Hyland offered two ideas for modernizing the regulatory environment. First, Hyland called for a fresh look at NCUA's review of its regulations in an effort to reduce regulatory burden and, second, Hyland endorsed capital reform, including PCA reform and the authorization of supplemental capital for credit unions.

NCUA Chairman Debbie Matz had earlier also endorsed secondary capital in her remarks.

Hyland noted that currently, in compliance with IRPS 87-2 and IRPS 03-2, NCUA reviews all its regulations every three years to update, clarify and simplify existing regulations and eliminate redundant or unnecessary provisions. In addition, she noted NCUA must issue for comment an initial regulatory flexibility analysis for any regulation that will have a significant economic impact on a substantial number of small entities. Credit unions under $10 million in assets are currently considered "small entities."
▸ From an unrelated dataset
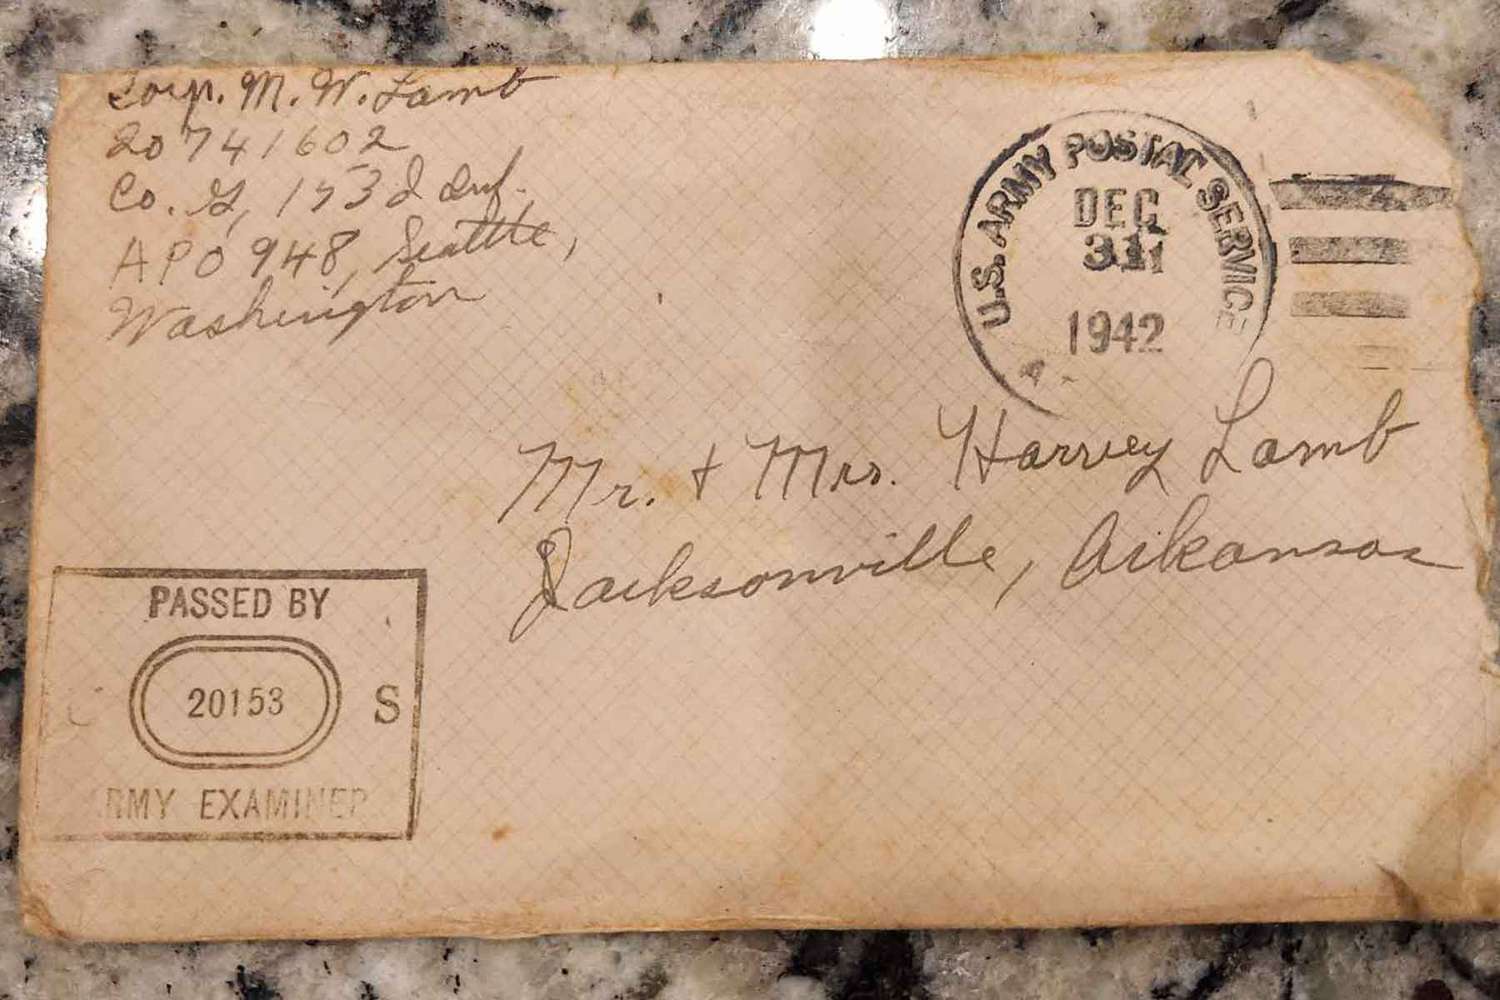 Texas Mailman Drives 5 Hours On His Day Off To Deliver Lost WWII Letters To Arkansas Family

"My belief is that it is time to update and modernize IRPS 87-2 and IRPS 03-2 given the significantly different circumstances for credit unions in 2011," Hyland said. "We need to ensure that we are continuing to fully comply with the intent of the policy. I believe NCUA should seriously consider revising the definition of "small entity" to a larger number, perhaps from $10 million to $50 million."

An increase in the threshold to $50 million would capture a percentage of credit unions much closer to the original percentage captured by the asset standard when it was first adopted, Hyland added.